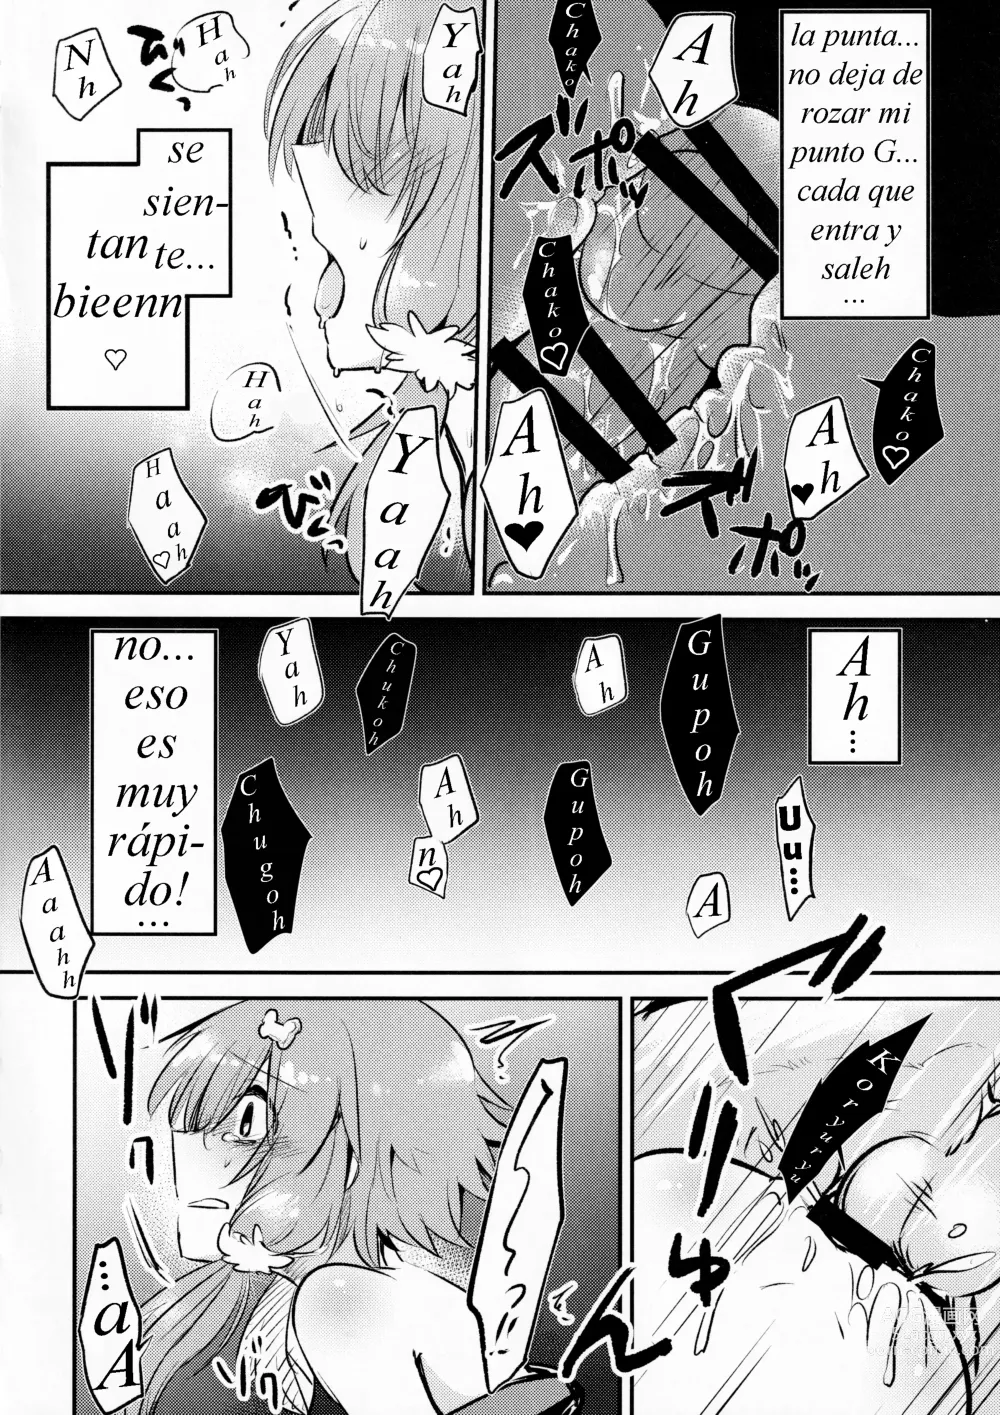 Page 15 of doujinshi *Yuka*² Channel Live streaming
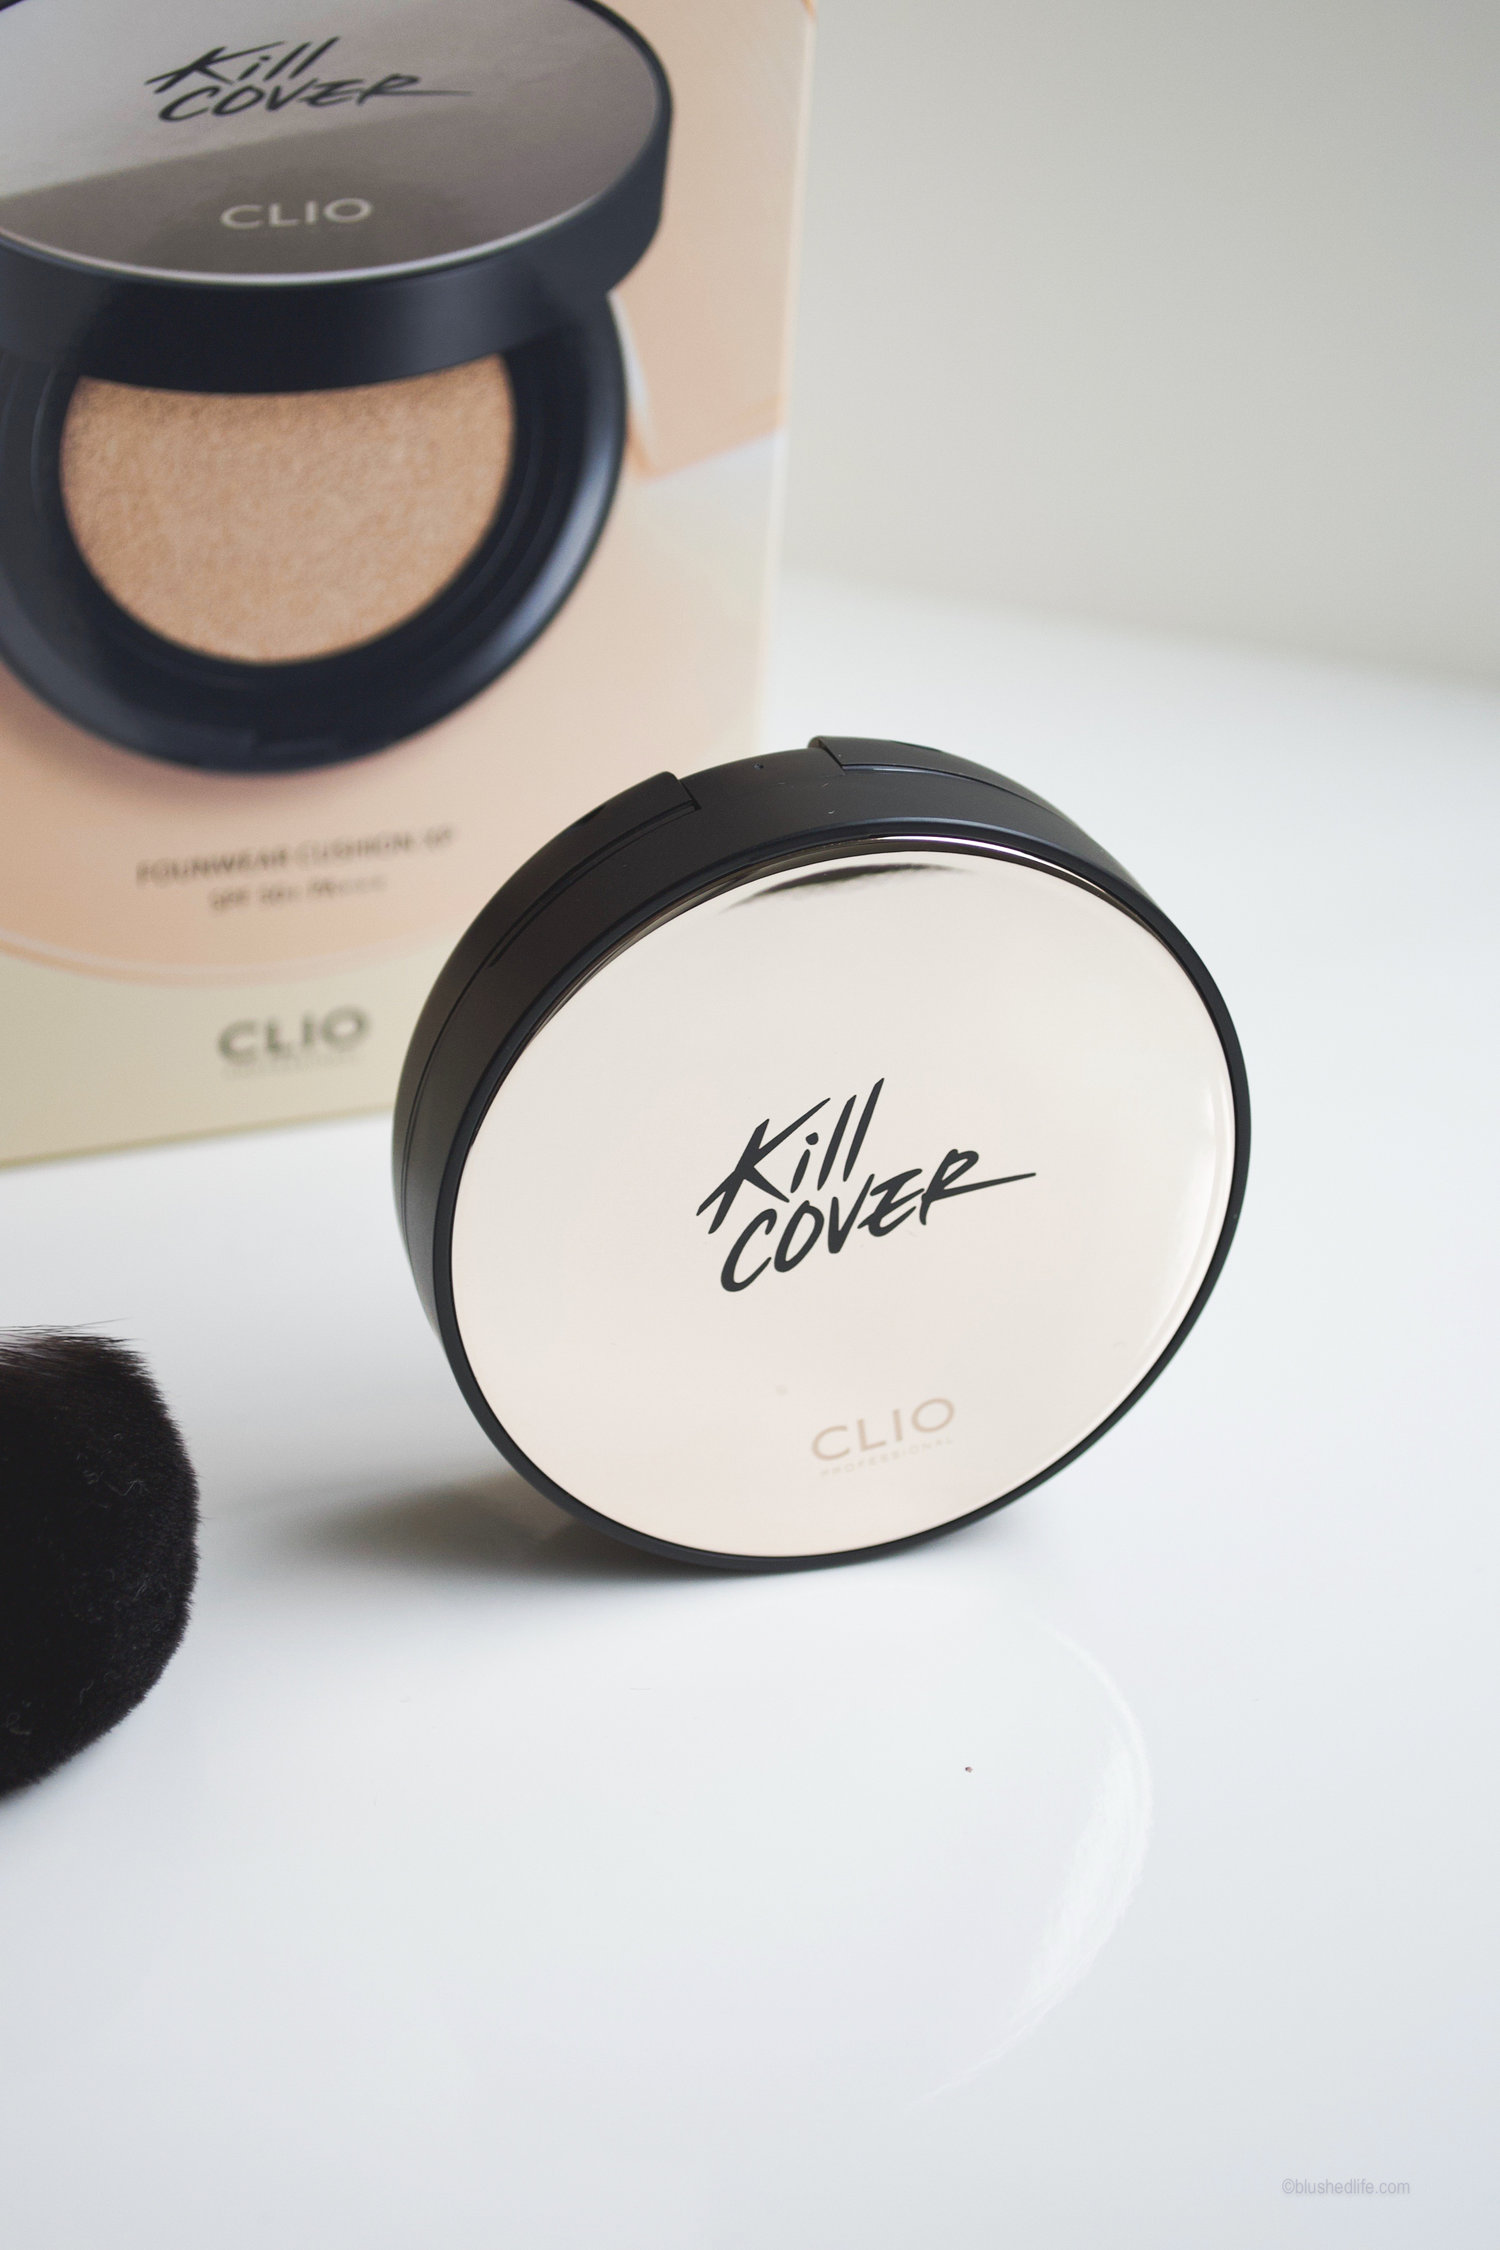 Clio Kill Cover Founwear Cushion XP Foundation Review — Valerie Tang
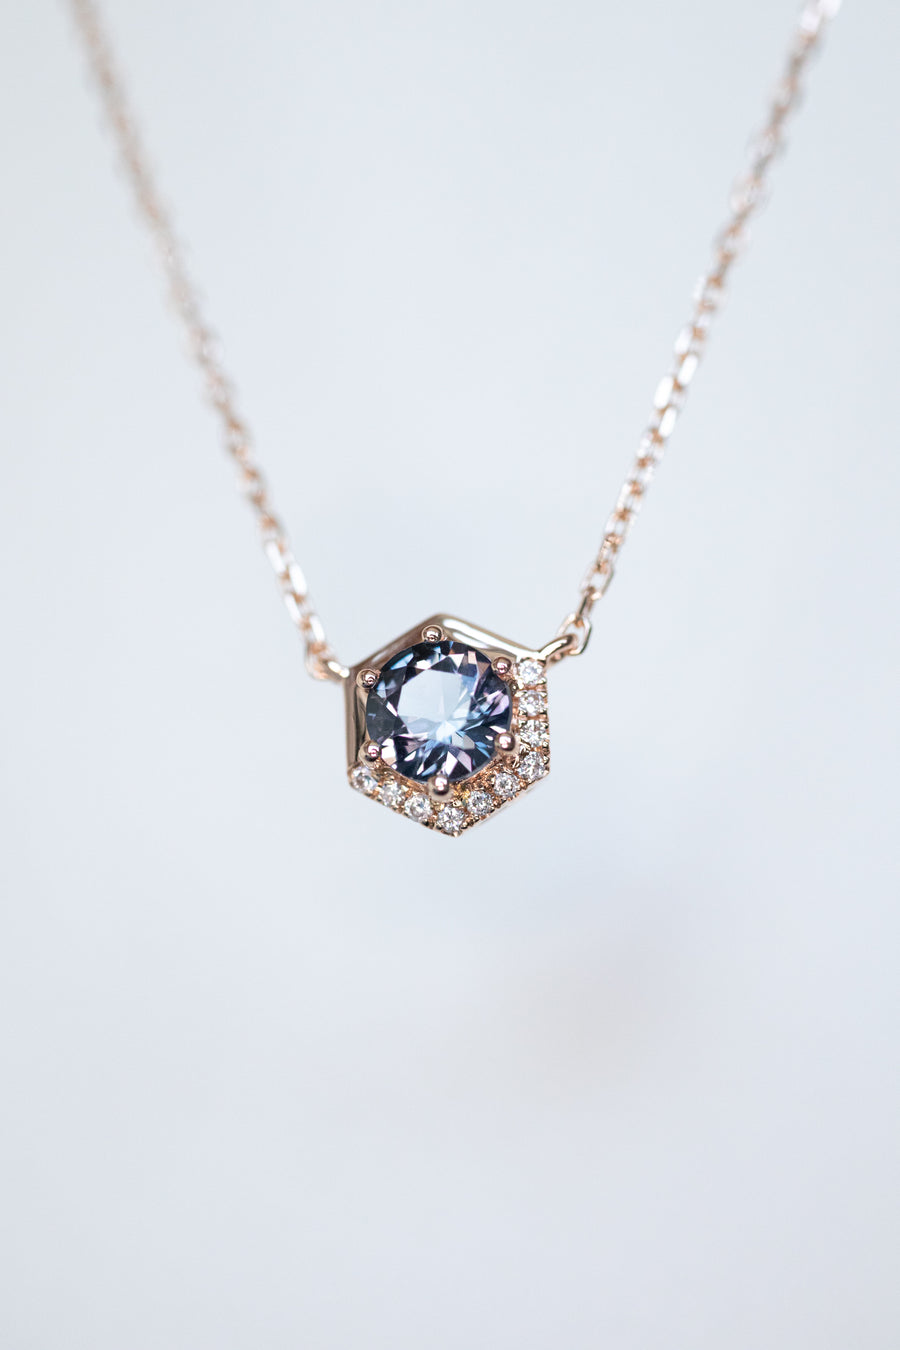 (Pre-Order) ~0.30ct Round Greyish Blue Spinel & 0.03ct Diamonds 14K/18K Rose Gold Necklace

════

## EXERCISE DESCRIPTION:
Top to bottom, retype the listing exactly but drop every picture.

## WRITTEN SOLUTION:
 Page 15 of doujinshi *Yuka*² Channel Live streaming
 Clio Kill Cover Founwear Cushion XP Foundation Review — Valerie Tang
 (Pre-Order) ~0.30ct Round Greyish Blue Spinel & 0.03ct Diamonds 14K/18K Rose Gold Necklace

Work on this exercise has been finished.